Tya menggeleng, tapi kemudian menghentikan dirinya dan memukul kepalanya sendiri. Merasa bodoh karena menjawab dengan gelengan. Vhi mana bisa lihat! "Nggak usah. Nggak perlu dijemput. Kita ketemuan aja di cafe biasanya. Tiga puluh menit lagi gue sampai sana. Tya tunggu Vhi di sana."

***

Vhi sudah sampai di cafe tempat janjian mereka saat Tya datang. Tadi ojolnya nyasar ke gang sebelah dan Tya yang meleng tidak segera menyadarinya. Alhasil, mereka harus putar balik dan terlambat lima menit dari waktu janjian yang dia tentukan sendiri.

Vhi melambaikan tangannya saat Tya masuk ke dalam kafe yang masih cukup ramai meski sudah hampir jam sembilan malam. Dia lupa kalau ino adalah malam Minggu, saatnya muda mudi berbusana rapi saling bergandeng tangan memenuhi jalanan.

"Hai, sori gue telat." Tya menyapa sambil mendudukkan dirinya di kursi seberang Vhi.

Beberapa pasang mata menatap mereka penuh keheranan dan penghakiman.
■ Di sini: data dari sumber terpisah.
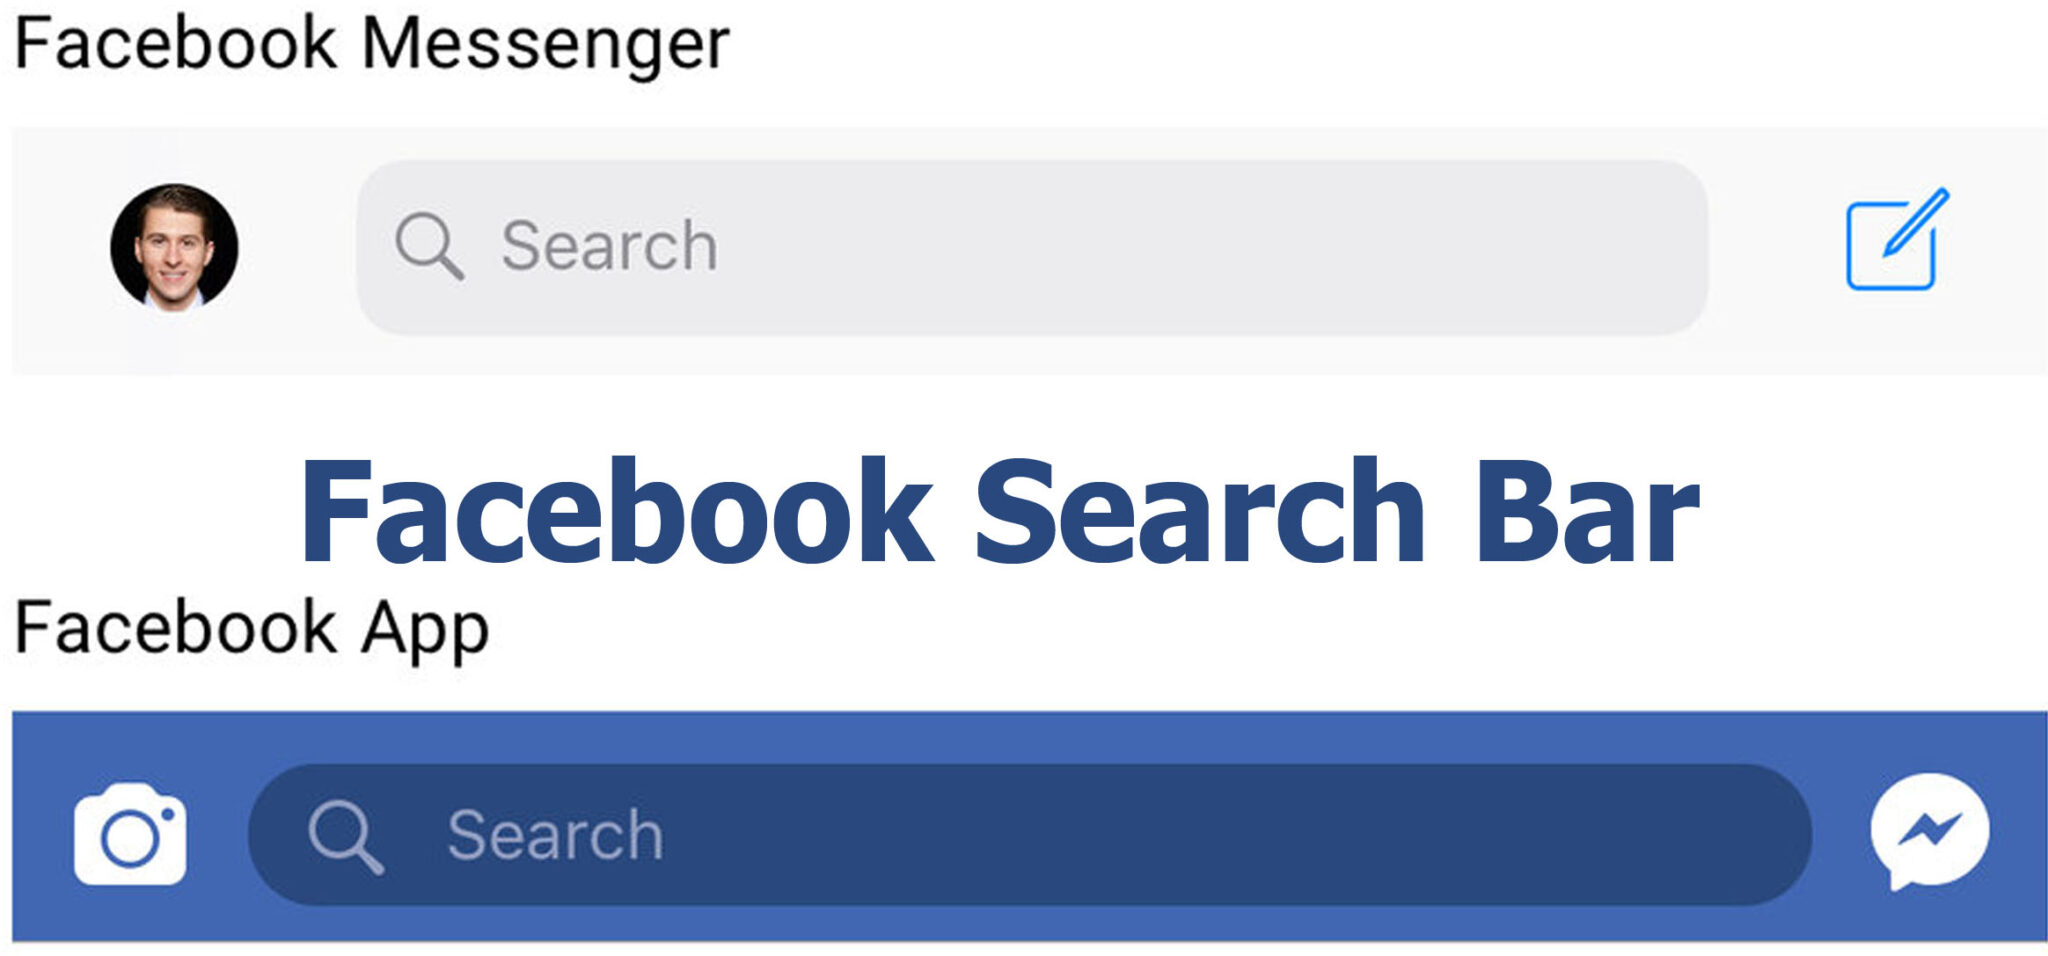 Facebook Search Bar - Search Bar on Facebook

Mungkin sedang julid karena Vhi yang keren ternyata menunggu cewek plus size sepertinya. Ah, Tya tak peduli dengan hal itu sebenarnya. Asal tak dikatakan di depannya. Kalau sampai kejadian, ya siap-siap malu saja disemprot Tya karena reseh mengurus hidup orang lain.
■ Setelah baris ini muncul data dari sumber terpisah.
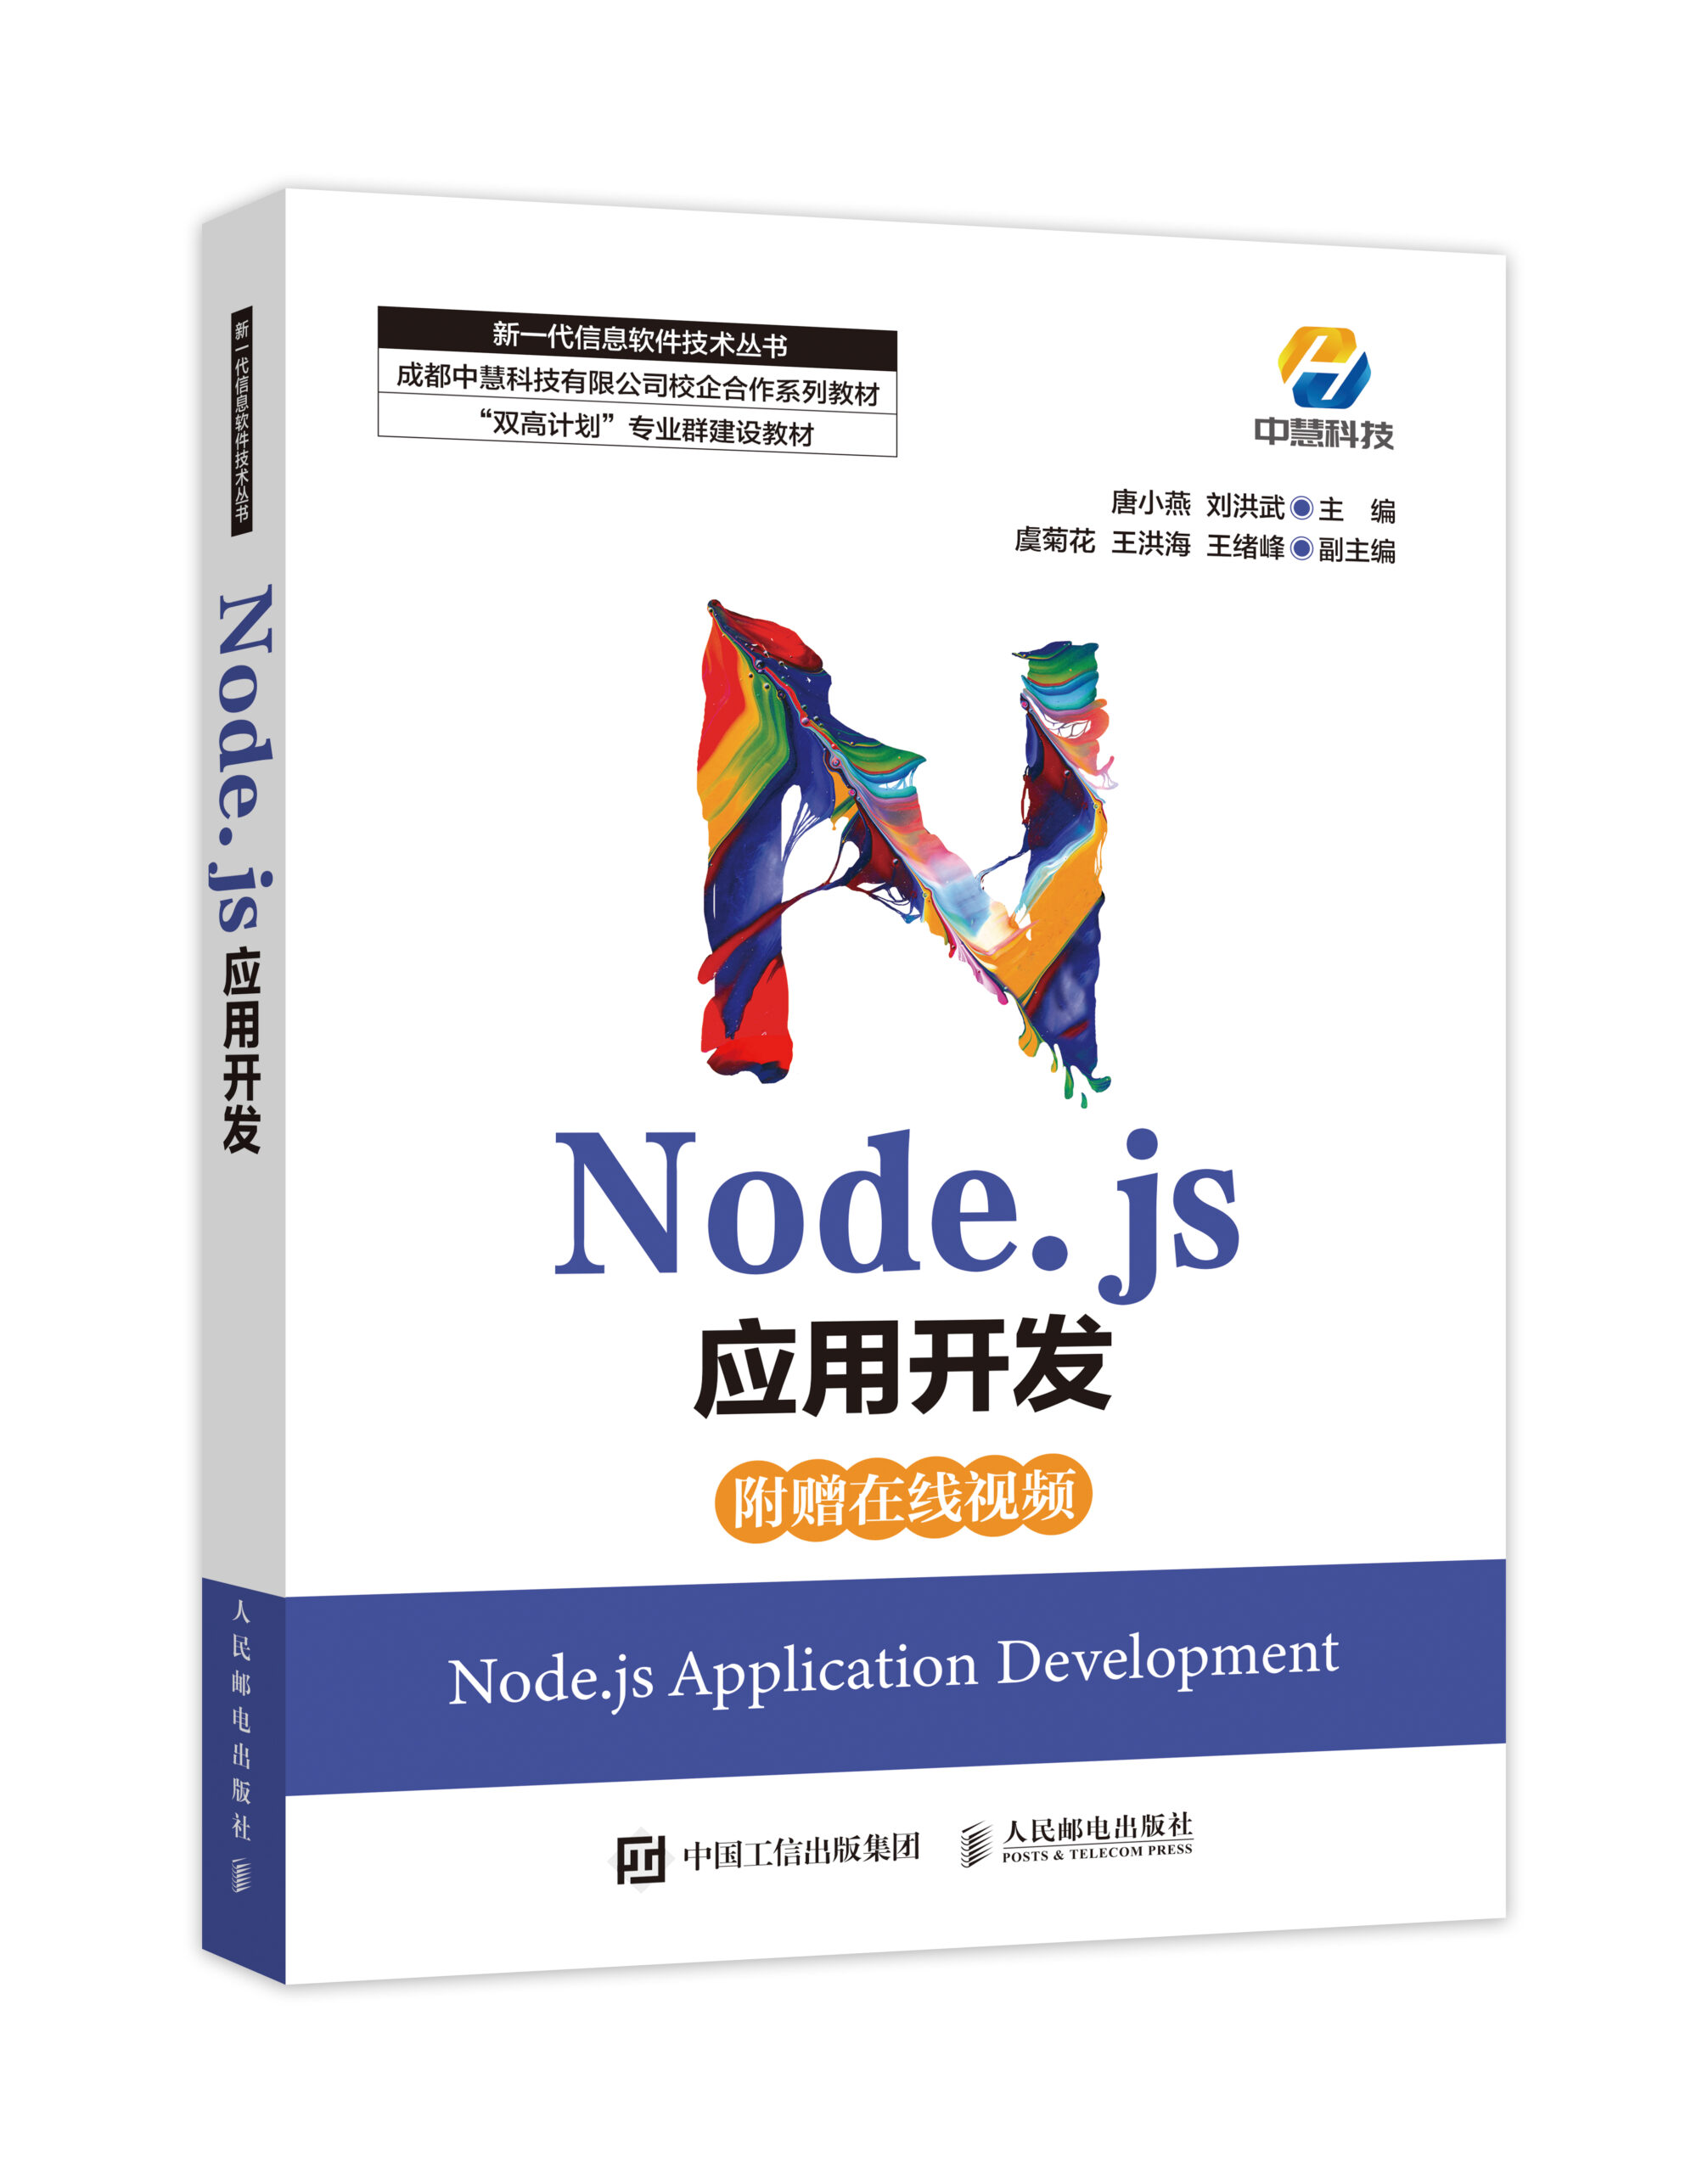 中慧集团Web技术校企合作系列教材-《 Node.js应用开发》介绍

"Santai. Gue juga baru dateng. Gue udah pesenin kopi buat lo." Vhi menujuk gelas berwarna coklat di depannya. Tya mengangguk, berterima kasih.

"Ty, lo ke mana aja, lo bikin gue kuatir tau nggak, dua hari nggak bisa dihubungi, nggak tau ke mana. Gue ...."

"Vhi ...." Tya memotong kalimat Vhi yang memberondongnya sekaligus. "Maaf, gue nggak bisa balas perasaan Vhi ke gue." Tya memulai. "Gue sayang ke lo, kok. Cuma, sayangnya  ke Vhi sama kaya sayang ke Mas Bumi. Gue nggak mau kehilangan Vhi, sebagai saudara dan sahabat. Tya sudah memilih untuk bersama Mas Yuga. Dan gue harap, Vhi hargai keputusan Tya ya?"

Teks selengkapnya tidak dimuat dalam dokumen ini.